The study was carried out in the Nkuhlu large-scale, long-term exclosures situated in the southeastern region of the Kruger National Park of South Africa (Figure 1), approximately 18 km from Skukuza (24°59′10″ S, 31°46′24.6″ E). The area receives approximately 550 mm of precipitation on an annual basis and the average temperature is 21.9 °C, with temperatures dropping and rising to an average of 5.7 °C and 32.6 °C during the winter and summer seasons, respectively. The exclosures were established in 2002 on the premise that by virtue of their size, large and tall mammalian herbivores (mainly elephants and giraffes) are the most significant drivers of change and maintenance in environments they inhabit (O’Keefe & Alard 2002; Scogings 2014). They cover roughly 139 ha of land that has been sub-divided into three separate units, namely: (1) full exclosure, a 70 ha fully fenced site where animal entry is prohibited, split into a burnt and unburnt plot (2) partial exclosure, a 44 ha partially fenced site where large and tall animals, particularly elephants and giraffes are not permitted, split into a burnt and unburnt plot (3)open access area (control site), a 25 ha unfenced area where all animals are allowed (Jonsson et al. 2010). No burning takes place in the control site.

The current study was conducted in the unburnt plots of full exclosure and control site. Nkuhlu exclosures are situated in sloping land that extends from the crest to the Sabie River channel, which is situated on the foot-slope and/or valley bottom (Janecke 2020; O’Keefe & Alard 2002). Soils within the crest and foot-slope vary between shallow sandy soil directly overlying hard granite rock and deep sandy to sandy loam Na-dominated soil, respectively (Khomo & Rogers 2005; Scogings et al. 2014). The World Reference Base (WRB) classifies the shallow sandy soil on the crest as Leptosol, while the South African system (Soil Classification Working Group [SCWG]2018) classifies them as Mispah and shallow Glenrosa. The deep, Na-rich duplex soil on the foot-slope can be classified as Luvisol in the WRB or Oakleaf and Montagu soils according to the South African Soil Classification system (Siebert & Eckhardt 2008). This paper will only consider the crest. According to Scogings, Hjältén and Skarpe (2011), the most common woody species throughout the Kruger National Park, including the crest of Nkuhlu exclosures include: (1) C. apiculatum, (2) Combretum hereroense, (3) G. bicolor, (4) Grewia flavescens, (5) Dichrostachys cinerea and (6) Euclea divinorum. This article only considers the C. apiculatum and G. bicolor species (Figure 2). These two species were selected on the basis that they are among the most abundant in the study area and the fact that their composition and vegetation structure is highly influenced by herbivory (Bakker et al. 2016). Most mammalian herbivores, particularly elephants and giraffes include substantial quantities of C. apiculatum and G. bicolor in their diets by ingesting large amounts as they find them palatable (Seloana et al. 2018). Also, elephants alter the composition and vegetative structure that influences soil properties by congregating under trees, stripping them off and discarding the leaves on the savanna floors.

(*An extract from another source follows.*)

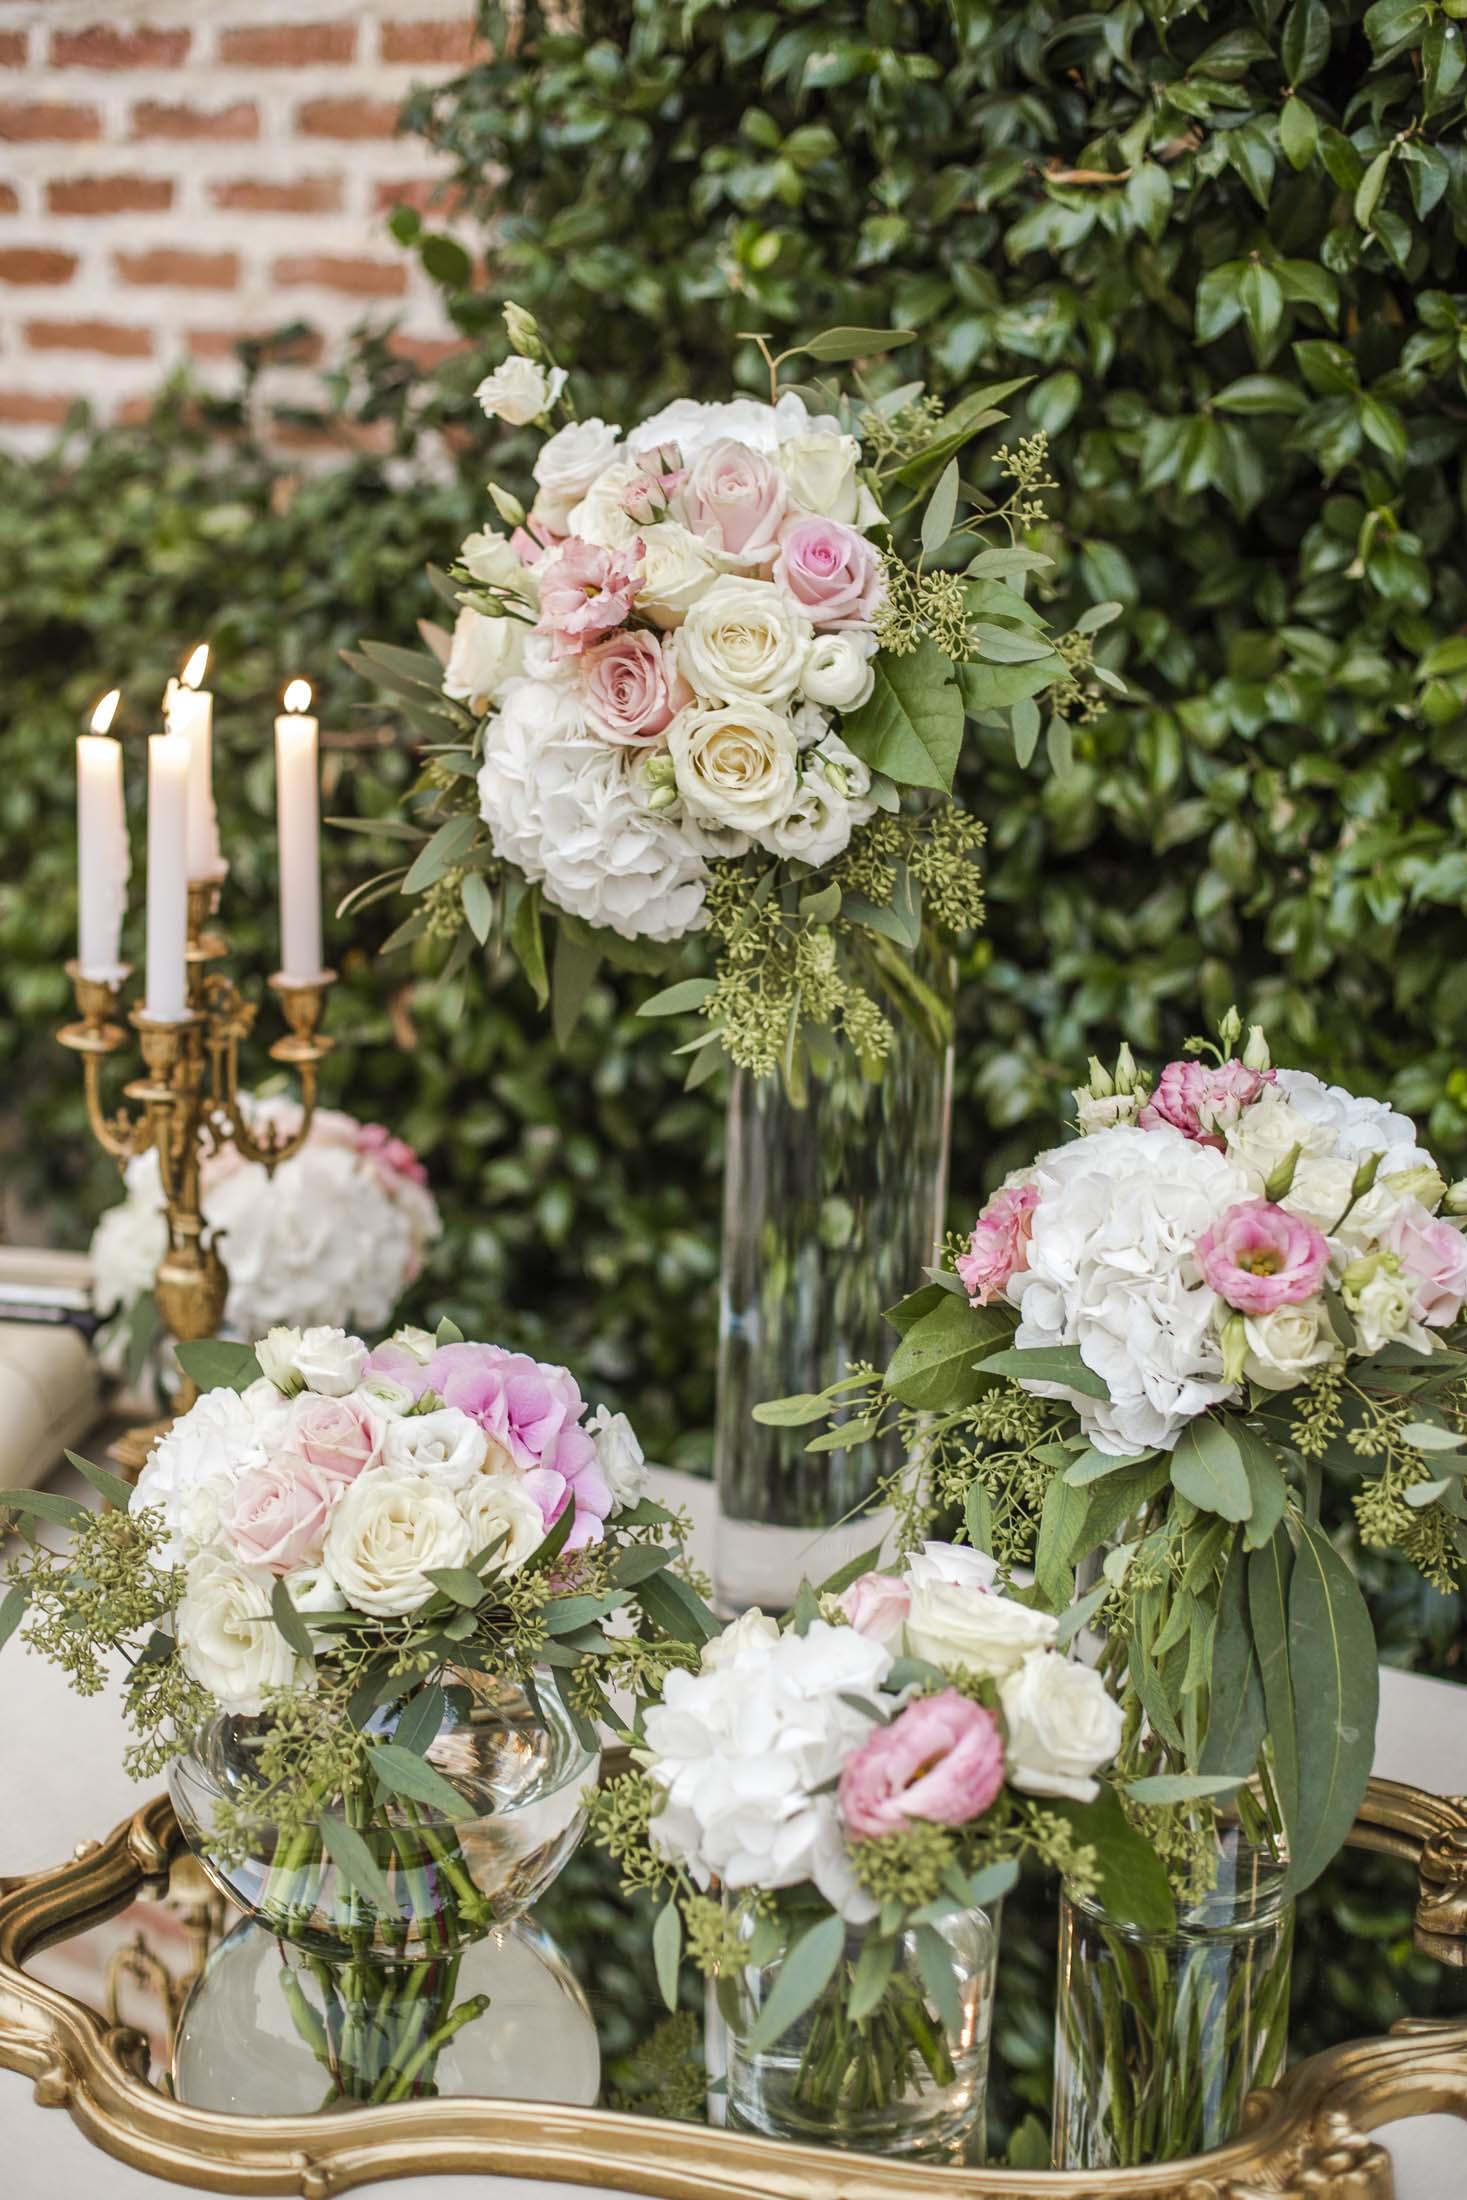 decoración boda romántica_candelabros_espejo vintage

For each of these two tree species, soil samples were collected at three radial distances from the tree trunk namely: (1) Zone A, tree centre (beside tree trunk) – below canopy, besides the trunk of the tree; (2) Zone B, canopy edge – along the edge of the tree crown and (3) Zone C, outside canopy – open grassland zone or savanna patches in the inter-canopy space.

The experiment was a 3 × 2 × 2 factorial design with different combinations of two herbivore utilisations levels (open access and full exclosure), two woody species (C. apiculatum and G. bicolor species) and three sampling zones (under the canopy, edge of canopy and far from canopy). Five soil samples were collected from three points within each sampling site. As a result, each sampling area had three composite samples (replicates), each comprising five sub-samples randomly collected at a sampling depth of 10 cm. Therefore, a total of 36 samples were collected from Kruger National Park. Subsequently, the collected soil samples were air-dried, mechanically crushed and pulverised manually using a 2-mm sieve. Soils sampled for the purpose of microbial analysis were collected a sampling depth of 5 cm and immediately transferred into sampling bags and stored at approximately 4 °C in a cooler box filled with ice before passing them through a < 2-mm sieve. These soil samples were immediately analysed as Wallenius et al. (2010) reported that even short delays may impact the results.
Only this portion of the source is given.